IBM Releases Two Granite Speech 4.1 2B Models: Autoregressive ASR with Translation and Non-Autoregressive Editing for Fast Inference
Summary
IBM has released two new Granite Speech 4.1 2B models, both approximately 2 billion parameters and licensed under Apache 2.0. The autoregressive (AR) model offers multilingual Automatic Speech Recognition (ASR) and speech translation across six languages, including Japanese, achieving a 5.33 mean Word Error Rate (WER) on the Open ASR Leaderboard. The non-autoregressive (NAR) variant, Granite Speech 4.1 2B-NAR, focuses on fast inference, running at an RTFx of approximately 1820 on a single H100 GPU by editing CTC hypotheses in a single pass. Both models utilize a 16-layer Conformer encoder with dual-head CTC and a 2-layer Q-Former projector, fine-tuning a granite-4.0-1b-base as their language model backbone. A third variant, Granite Speech 4.1 2B-Plus, adds speaker-attributed ASR and word-level timestamps. These models were trained on 174,000 hours of audio and are natively supported in transformers>=4.52.1.
Key takeaway
For AI Engineers building speech applications, IBM's Granite Speech 4.1 2B models offer distinct advantages.

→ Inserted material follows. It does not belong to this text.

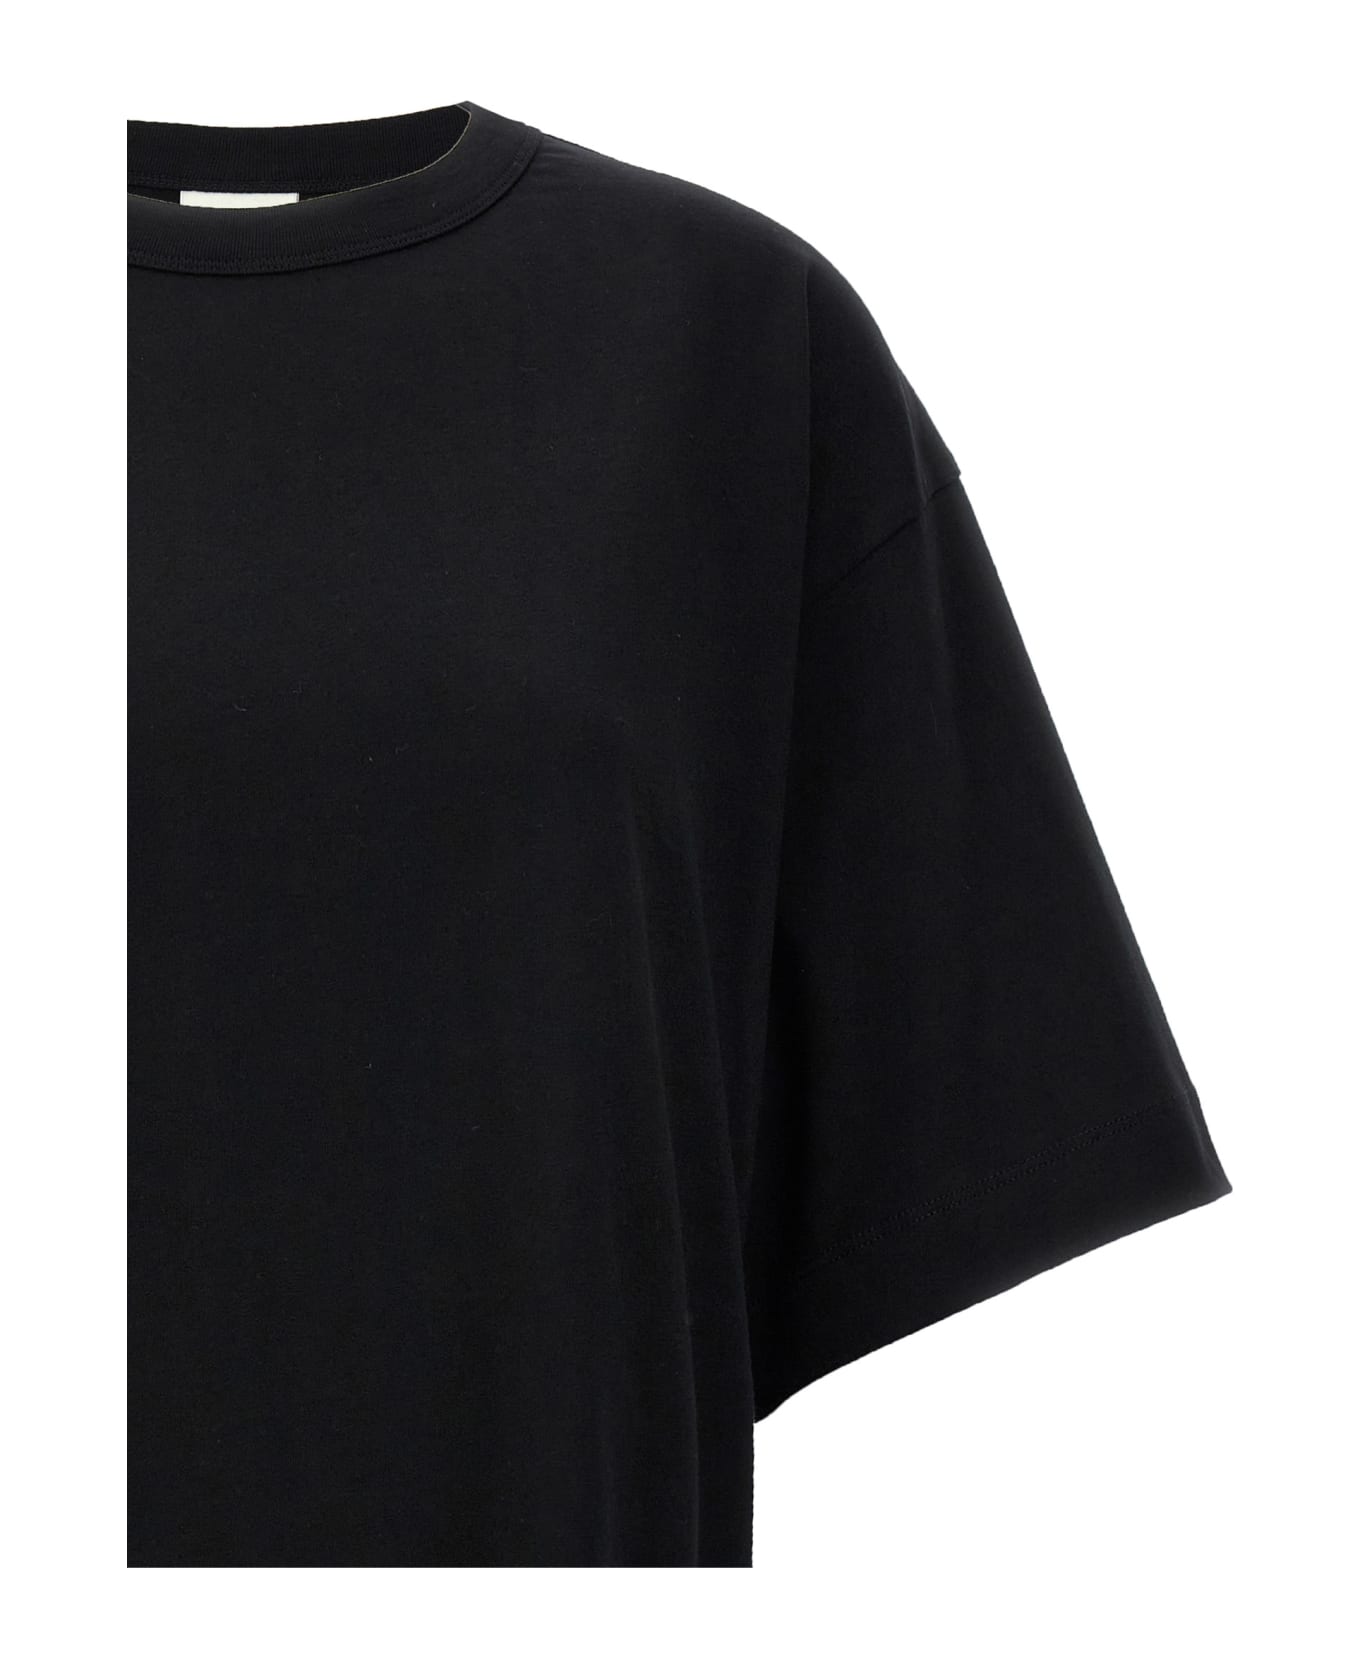 Dries Van Noten 'hegels' T-shirt - Black
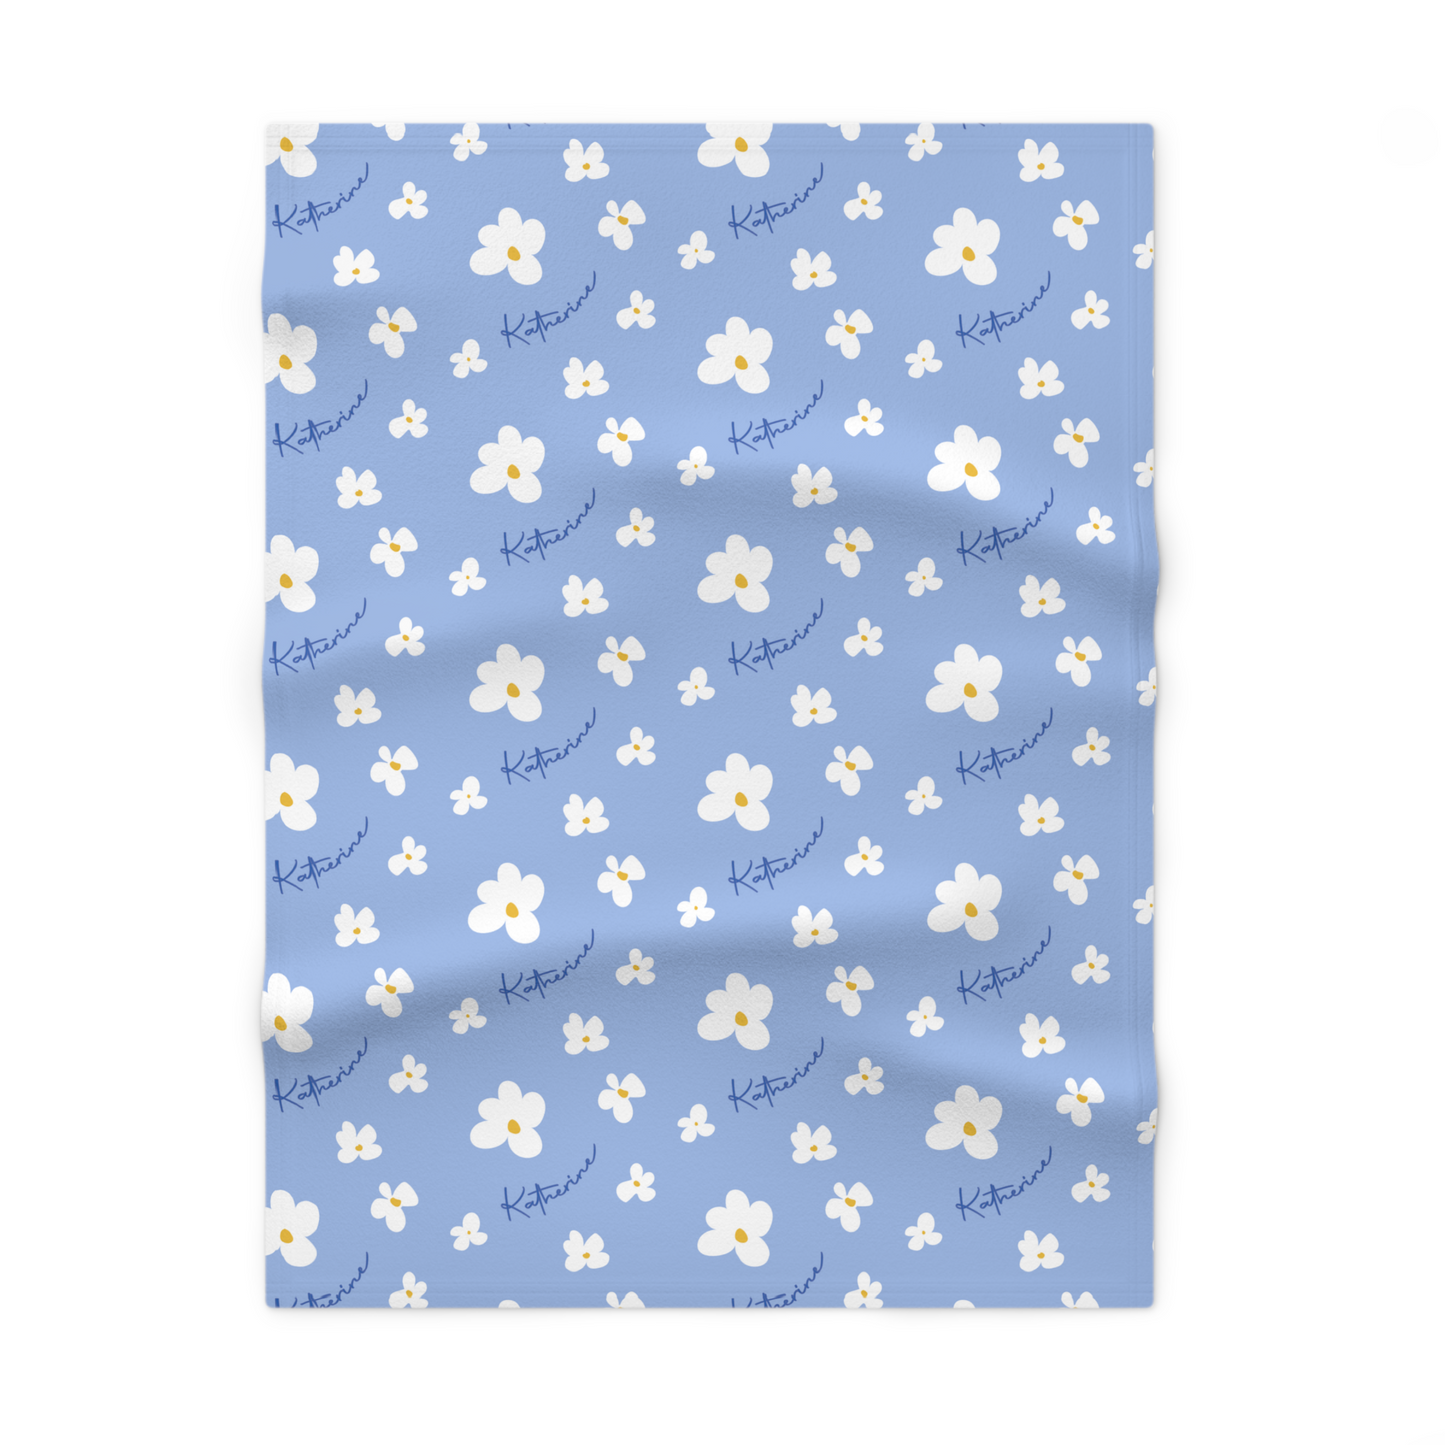 Fleece personalized baby blanket in blue daisy pattern laid flat

If your priority is high-accuracy multilingual ASR or speech translation, choose the autoregressive model. For scenarios demanding extremely fast inference, such as real-time transcription, the non-autoregressive 2B-NAR variant is ideal. Evaluate your specific latency and language requirements to select the optimal model for your deployment.
Key insights
IBM's new Granite Speech 4.1 2B models offer both high-accuracy multilingual ASR/translation and extremely fast non-autoregressive inference.
Principles
- Autoregressive models prioritize accuracy and broader functionality.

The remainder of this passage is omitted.